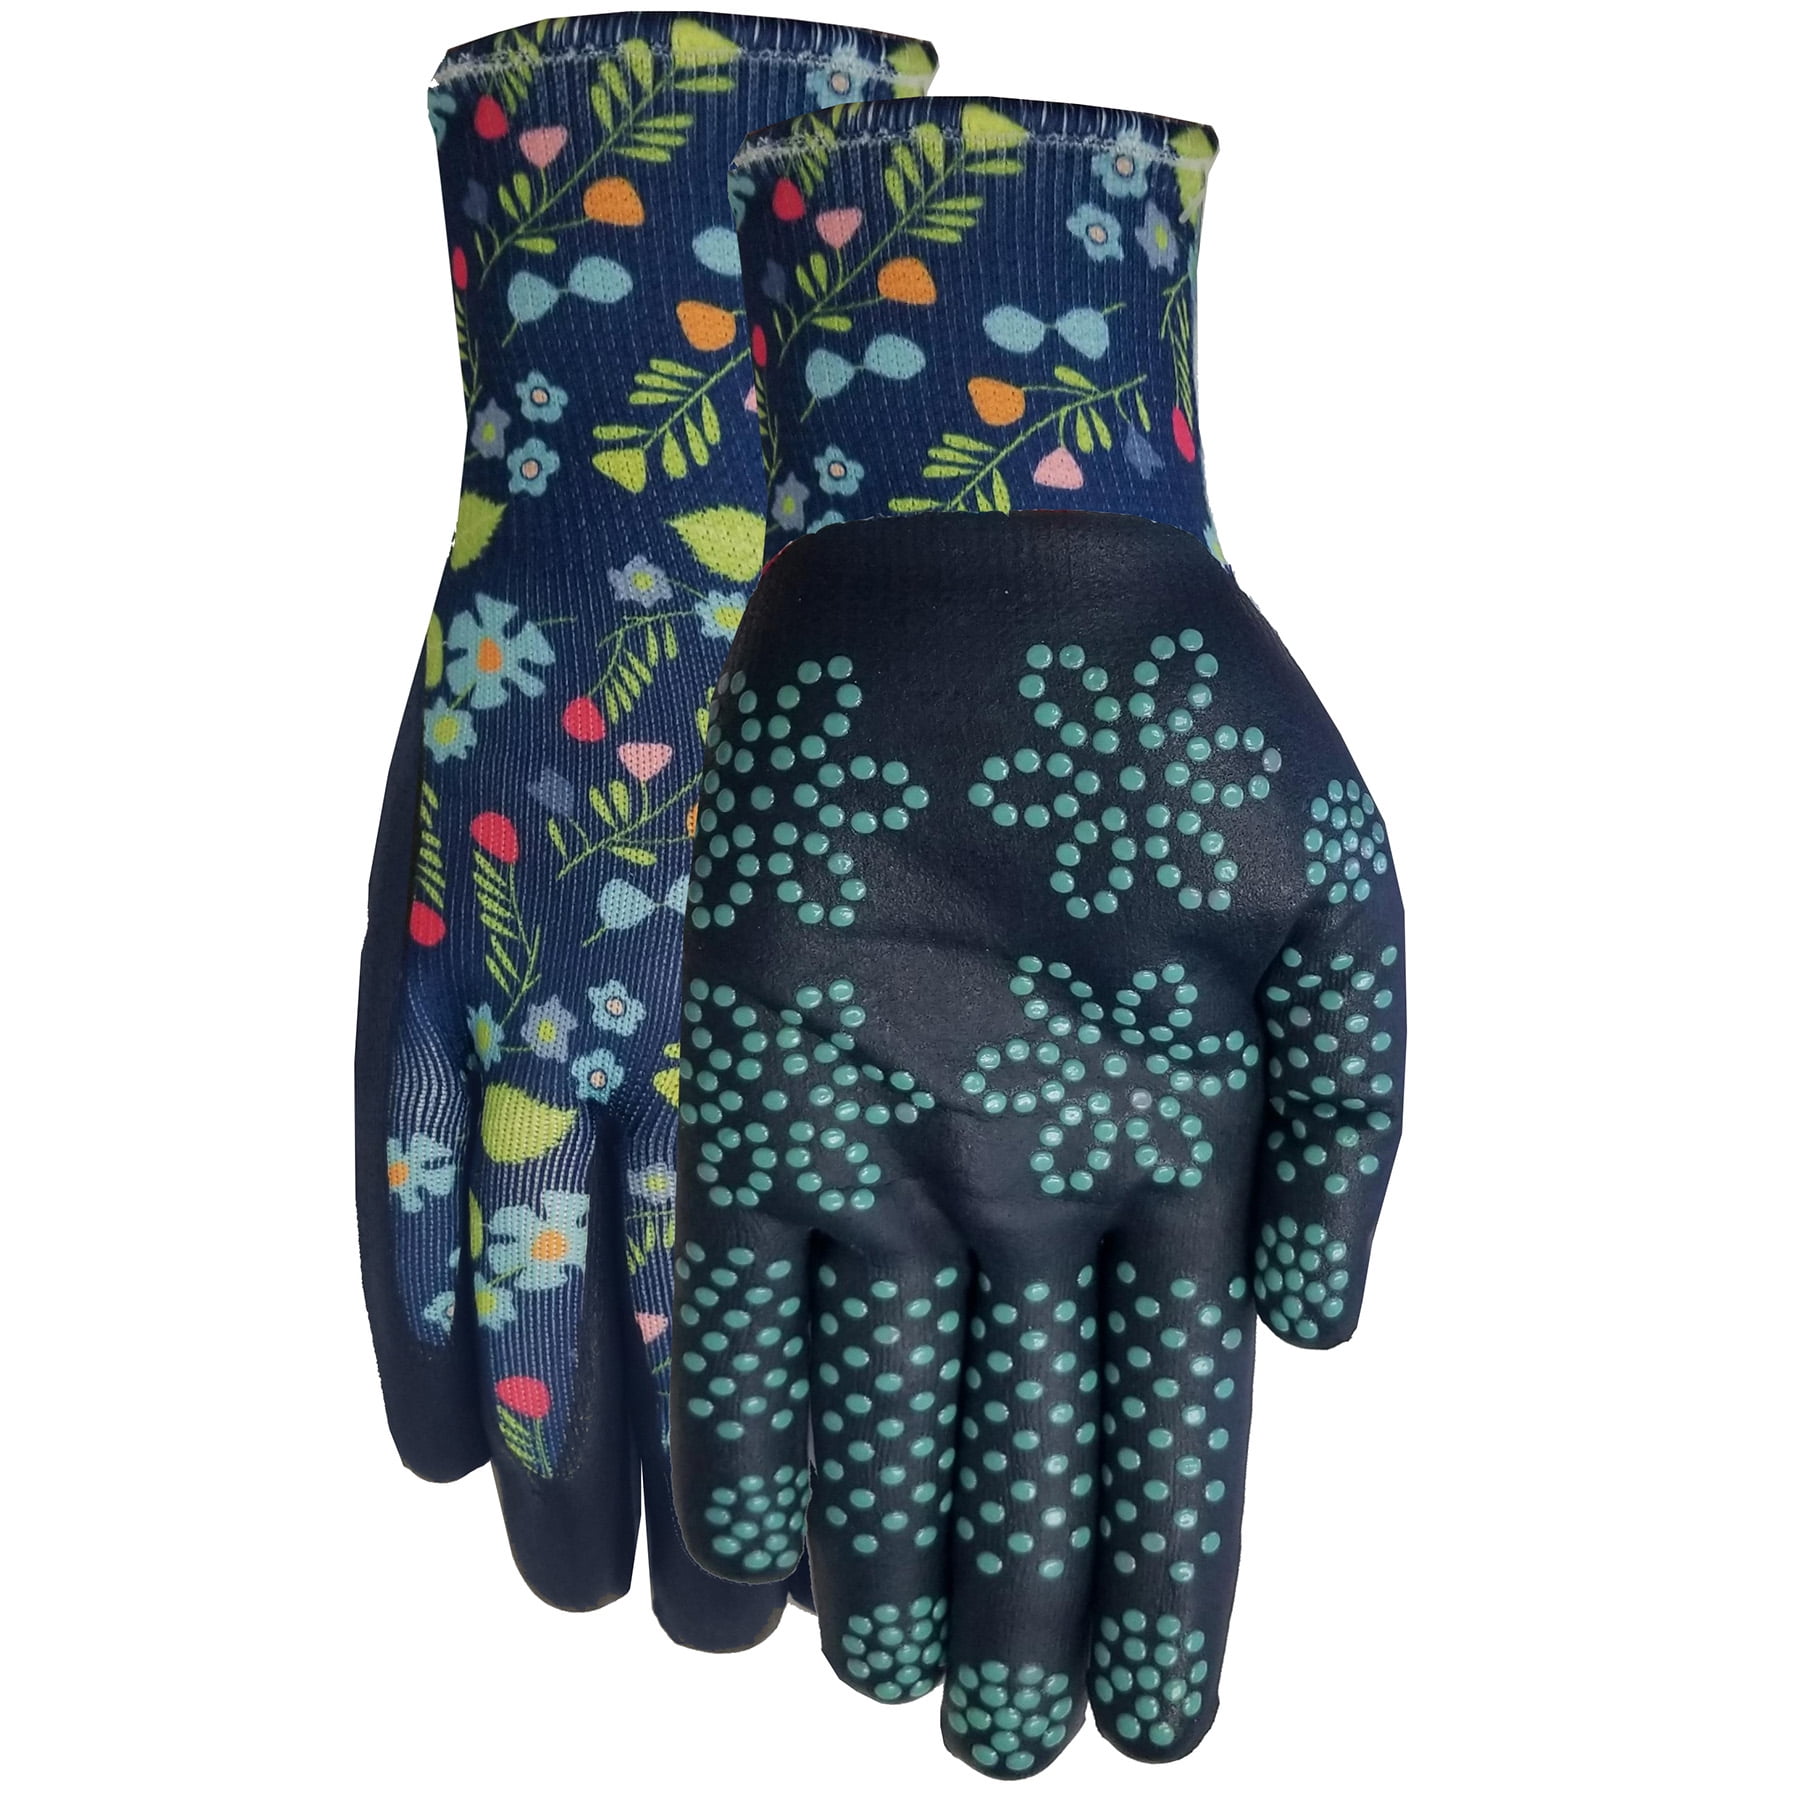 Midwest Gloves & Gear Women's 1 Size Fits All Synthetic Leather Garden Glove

—————

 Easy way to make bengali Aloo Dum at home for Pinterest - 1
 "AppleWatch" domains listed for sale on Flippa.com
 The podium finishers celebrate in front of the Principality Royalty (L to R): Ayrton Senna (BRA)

—————

• WHAT YOU WILL DO: All lines above from the one containing "sale on Flippa.com" to the one containing "The podium finishers" must be repeated exactly, both lines included, and no others.

• SOLUTION TO THIS PROBLEM:
 "AppleWatch" domains listed for sale on Flippa.com
 The podium finishers celebrate in front of the Principality Royalty (L to R): Ayrton Senna (BRA)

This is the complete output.